With the answers to these questions, you can now begin to do some research on DMS platforms that meet your criteria.
Don’t forget about paper
While an increasing number of documents today are created digitally, paper documents still play an important role in business.
There are hardcopies of receipts, expense reports, customer correspondence, and shareholder proxies that must be scanned into the DMS, and there are customer statements, loan documents, and stock certificates that must be printed from it. All with the utmost security.
Therefore, the chosen DMS must encompass all stages of the document lifecycle from input to distribution to disposal.
Building a DMS ecosystem for finance
The main component of a document management system is the centralized repository. This is where the files reside, even when being shared. DocuWare is an example of a DMS with built-in workflow functionality specific to financial firms.
Some organizations may need a centralized repository while others may have a system of some sort in place already.
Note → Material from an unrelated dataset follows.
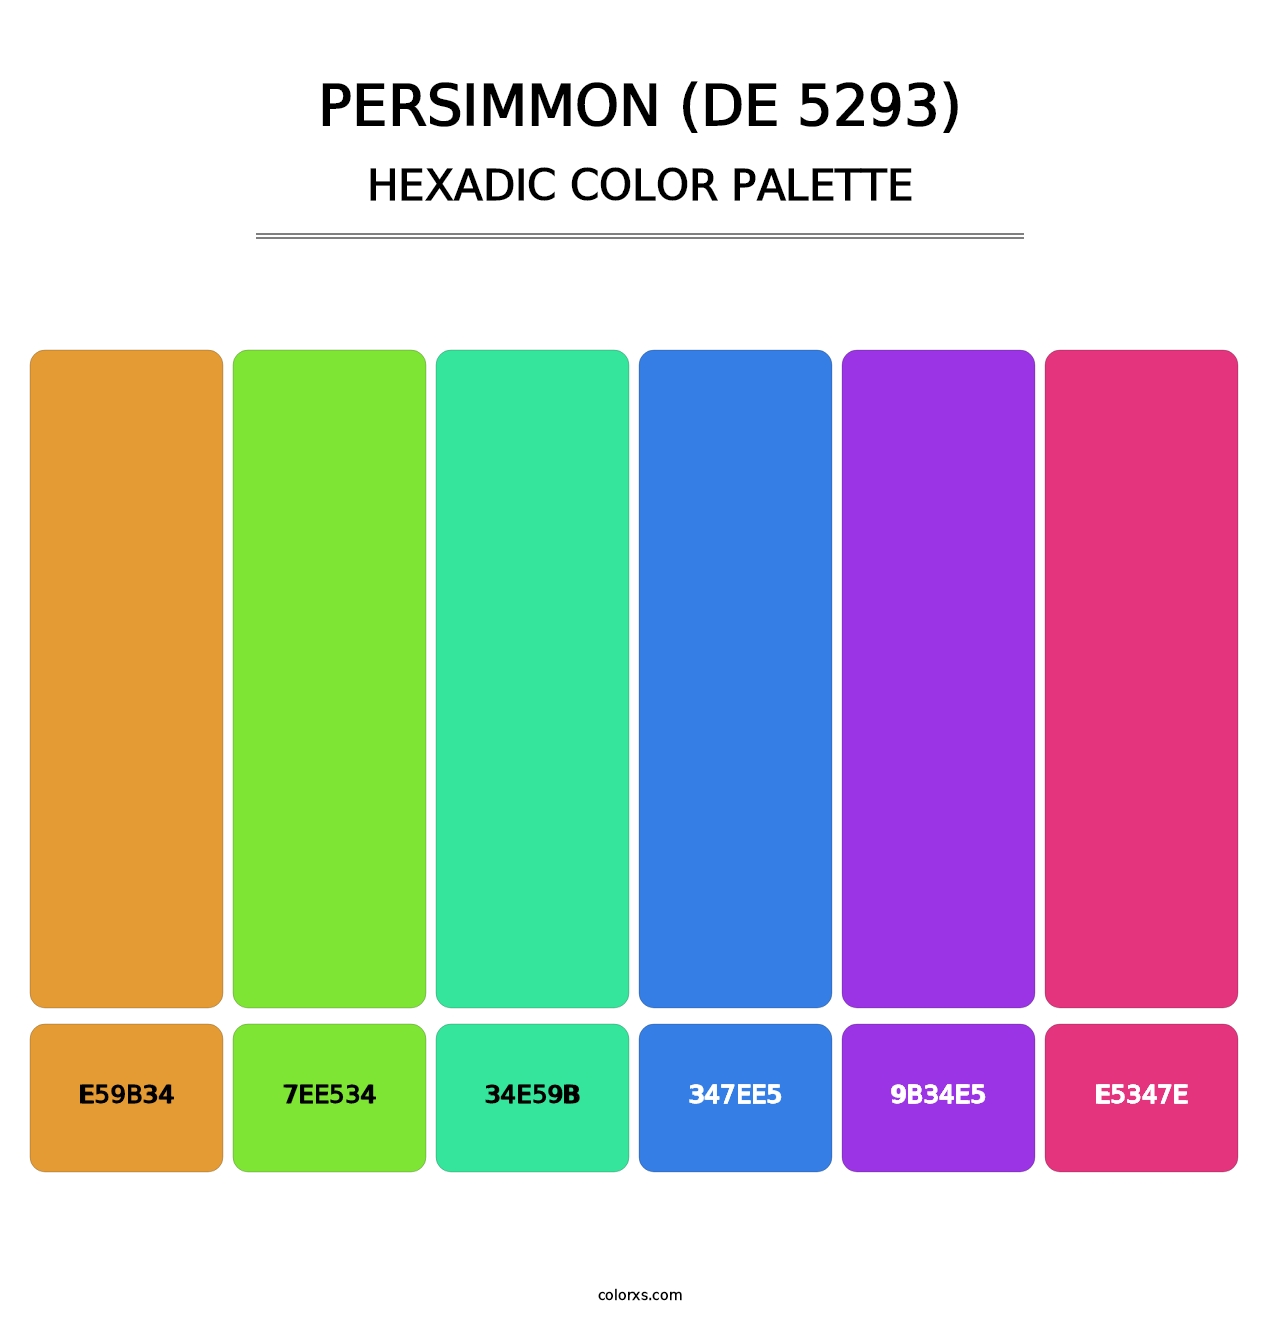 Persimmon (DE 5293) - Hexadic Color Palette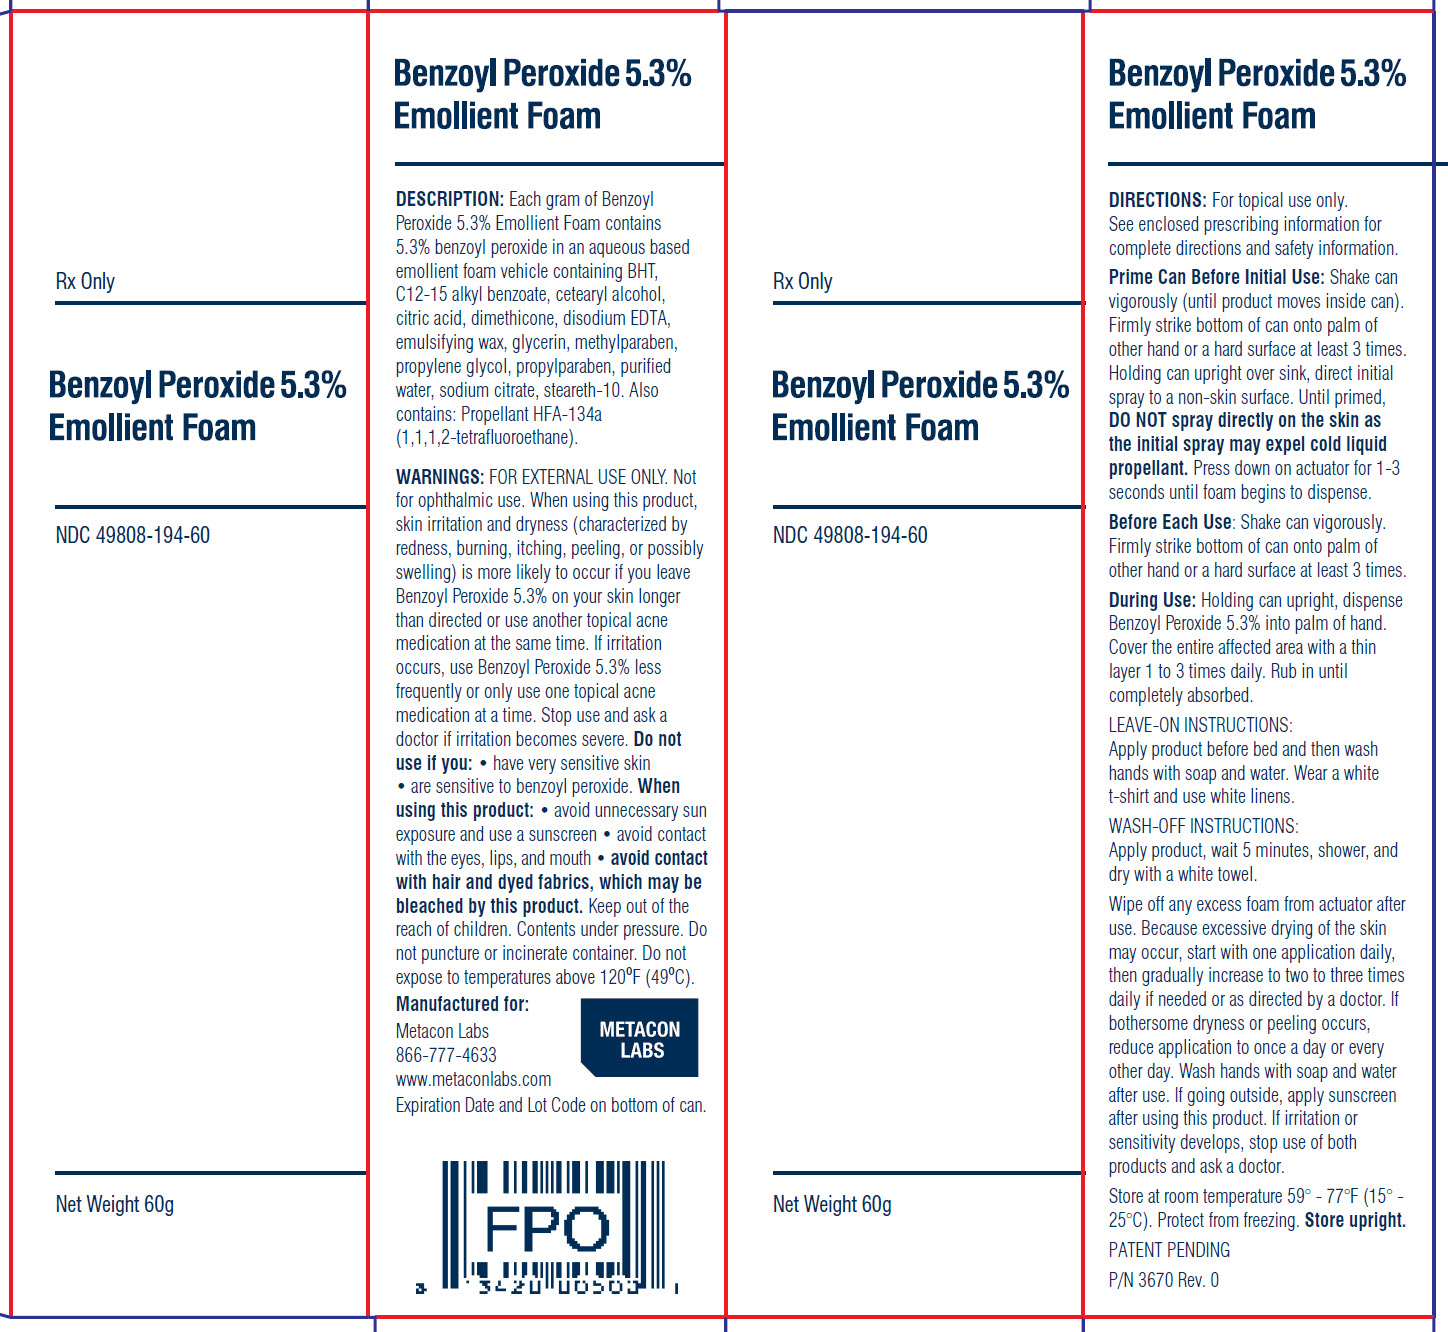 Benzoyl Peroxide Emollient Foam 60g Carton Label

These organizations may need on-ramps or services that serve as on-ramps.
For example, multifunction devices – both black-and-white and color – can act as on-ramps by digitizing hardcopy originals when it is time to email, fax, or archive.
A claims management solution helps insurance providers speed claims processing for faster resolution and improved financial performance through fewer errors and automated workflows.
Cloud faxing solutions can act as an on-ramp and streamline the capture, storage, and routing of incoming faxes to a centralized repository.
Even outsourced mail services can become an on-ramp for documentation into a secured repository for fast and simple delivery to employees working in the office or around the world.
Perhaps one of the biggest benefits of document management systems for financial firms is that they can be customized with scalable solutions to meet your unique needs.